Penetration Testing Wireless Embedded Systems

Paladion
By Paladion

December 18, 2007

How do we test embedded wireless systems?
Let's take a fictitious product, a Remote Pilot System to see the process.

Our imaginary Remote Pilot System (RPS)
lets pilots guide an aircraft from outside the cockpit, say from the First
Class cabin, or even from the ground. The cockpit transmits all data to the
RPS. The pilot studies the RPS console and instructs the controls in the
cockpit. He might even be miles away from the cockpit.

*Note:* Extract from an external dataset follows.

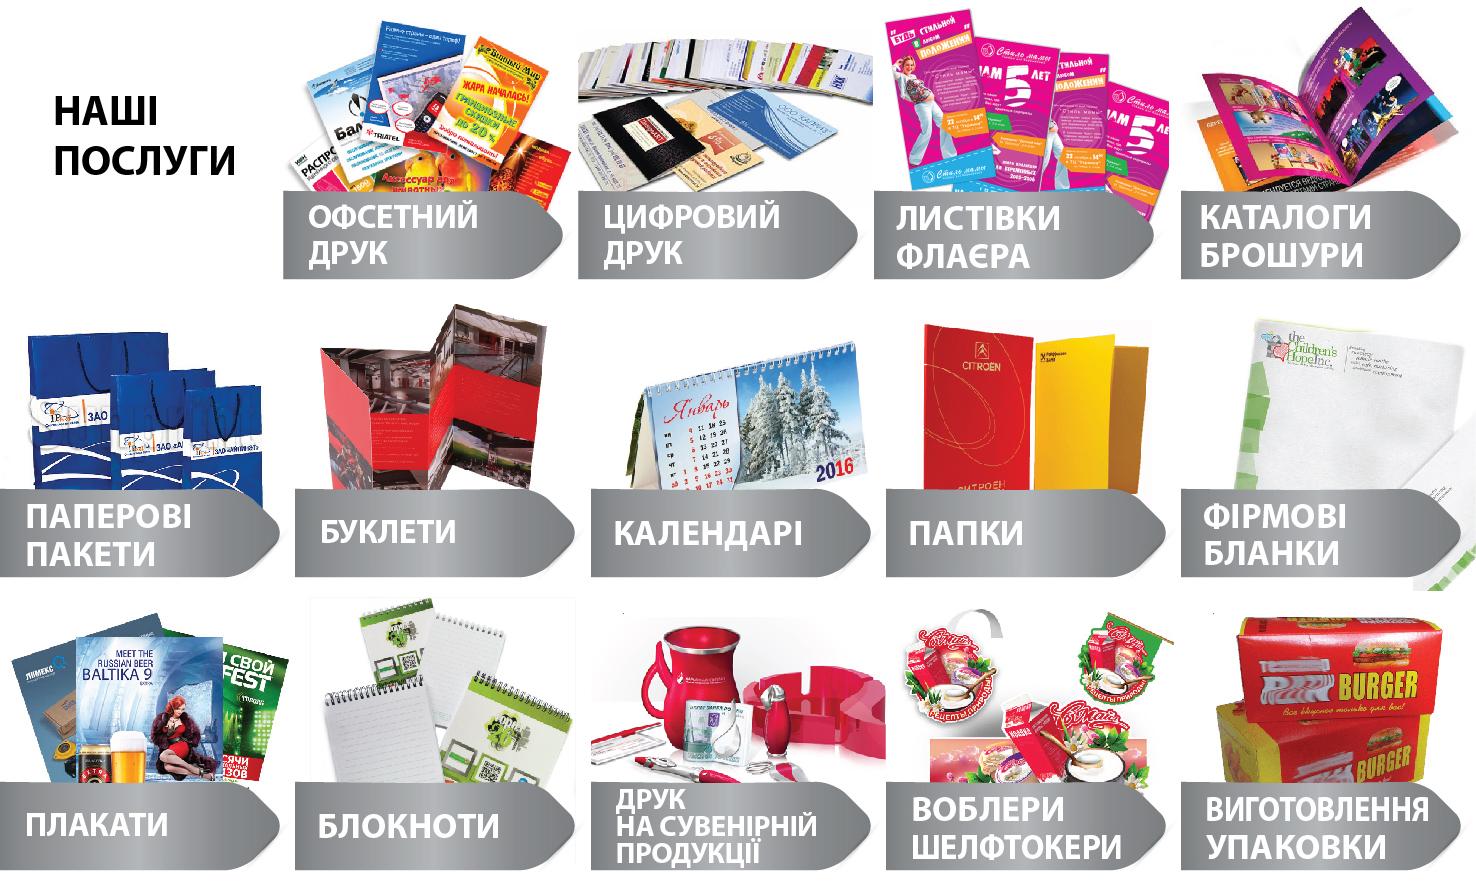 Друк листівок, каталогів і флаєрів. Друкарня в Києві., зображення 1

For now, let's assume that the pilot is
seated in the First Class cabin. The RPS connects to the cockpit via a 802.11x
wireless protocol. The RPS talks to the dials and joysticks in the cockpit
using a custom protocol, layered atop the standard wireless protocol.

That's enough background. On to the
penetration test...

The
Method

First, figure out the threats to the
system. That's the Threat Profile in our lingo.

An adversary...

... hijacks the controls of the plane from
the pilot
... tampers with the instructions sent by
the pilot

... messes the dial readings the pilot sees

... knocks out the connection between the
RPS and the cockpit

Probably not exhaustive, but those are the
most important ones. Good enough. Let's move on.

Next, we create the Test Plan. The
Test Plan maps each threat to different lines of attack. Examples of
"lines of attack" are: replay attacks, sniffing, jamming, etc.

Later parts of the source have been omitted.